AN OVERVIEW OF PAP DEVICES The two types of PAP therapy prescribed in children to treat obstructive sleep apnea (OSA) are Continuous Positive Airway Pressure (CPAP) and Bi-level Positive Airway Pressure (BPAP). A wide variety of CPAP and BPAP devices are commercially available, each with unique capabilities and proprietary algorithms used to measure the phases of the respiratory cycle and airflow resistance. Modes of PAP therapy Differing modes of CPAP and BPAP therapy are available according to patient need. See Table 1 for a summary of the modes, their indications, functionality, prescription parameters and humidification options. Interfaces Historically, a dearth of commercially available pediatric sized PAP interfaces made effective treatment challenging; however, this has improved with mask options available for all ages. There are four types of mask interfaces: (1) nasal; (2) nasal pillow; (3) oronasal; and (4) total face. For infants and young children, nasal masks, which cover only the nose, are most commonly used due to their low anatomic dead space. Excessive mouth leak can adversely affect therapy efficacy; this can be resolved by use of a pacifier for infants and chin strap for children. Nasal pillows, which insert into the nares, are a comfortable option for adolescents, but are not designed for young children. Oronasal masks, which cover mouth and nose, and total face masks, which cover mouth, nose and eyes, are less common in pediatrics due to risks which present when a young child cannot remove the mask: aspiration with emesis, or asphyxia with loss of airflow. Further, there is the risk of hypercapnia related to the anatomic dead space of the mask. Yet these interfaces are required for some pediatric patients with facial deformity [26], or with excessive mouth breathing for whom a nasal mask with chin strap is ineffective. Appropriate assessment of mask size, pressure and airflow are necessary to ensure adequate mask flushing, mitigating the risk of hypercapnea.

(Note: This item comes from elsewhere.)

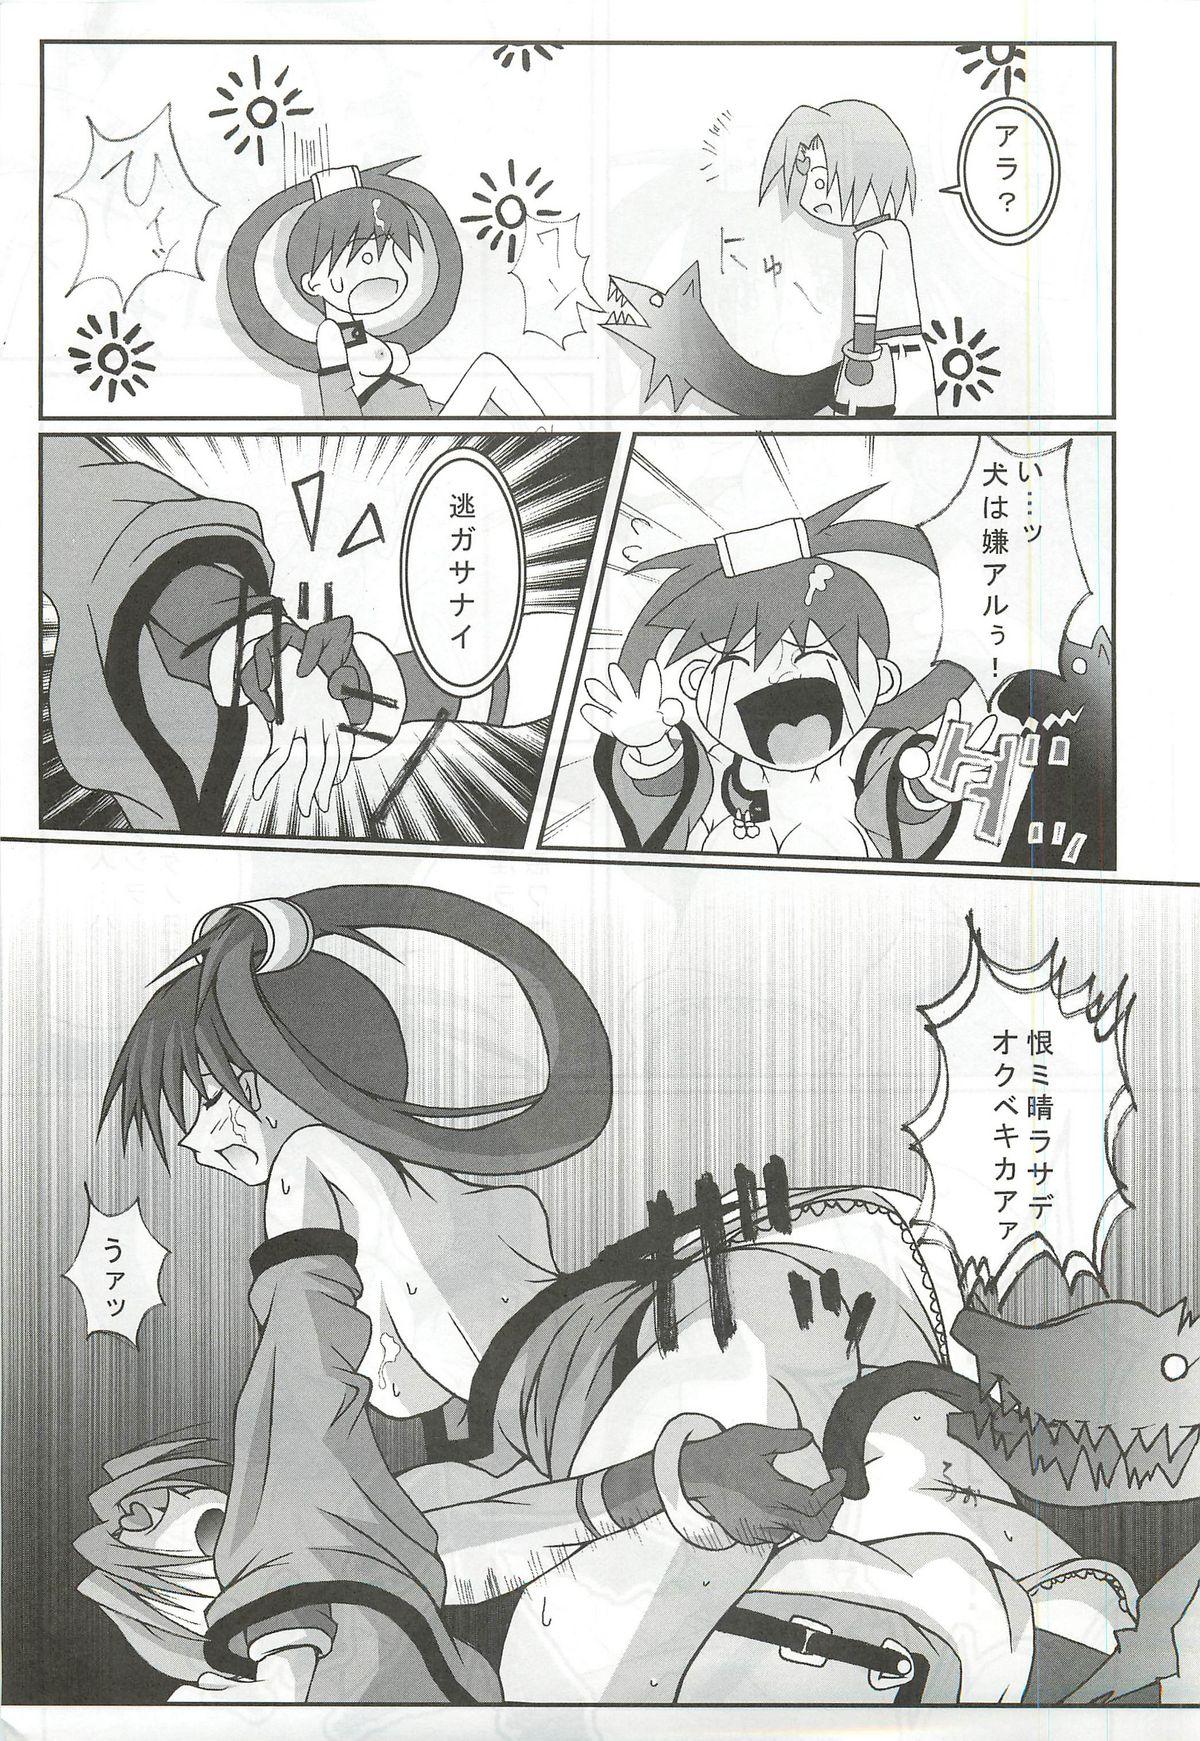 Indonesia Passionless 2 - Guilty gear Mas - Page 8

Data management software Many devices have the ability to wirelessly transfer data via cellular or Wi-Fi, from the device to a cloud-based software program on a daily basis. This allows the patient to view therapy data online, via smartphone applications or on the device itself. Data acquisition capabilities for the clinician include remote monitoring of cloud-based data, or manually downloading data from the device via data card, USB, or data cable. Download data reports The PAP data available to the clinician varies by manufacturer and device sophistication. Most devices collect both usage and efficacy data; however, some basic models collect only usage data. A usage and efficacy data report of an adolescent with OSA and coexisting obesity can be found in Fig. 1. Bar graphs summarizing these data are shown in Fig. 2. Caution should be exercised when reviewing AHI data from PAP devices in pediatrics, as the algorithms for AHI on current PAP devices are derived from adult criteria. A review of leak data in relation to AHI is important as a high leak can adversely affect the reliability of AHI measurement. PAP ADHERENCE IN PEDIATRIC OSA Although PAP is increasingly prescribed for pediatric OSA there is no defined threshold to measure PAP adherence. It is also difficult to extrapolate a definition of adherence from adults, because children have greater recommended and actual sleep durations which vary substantially with age and development [28]. In adults, PAP usage for greater than 4 h per night is associated with improvements in OSA indices (e.g., reduced apnea-hypopnea index) and self-reported daytime sleepiness (Epworth sleepiness scale score) [29,30]. In adults, there is also a linear relationship between hours of nightly PAP usage and improvements in OSA symptoms, which levels off at approximately 7 h of use, with no further benefits thereafter [29,30].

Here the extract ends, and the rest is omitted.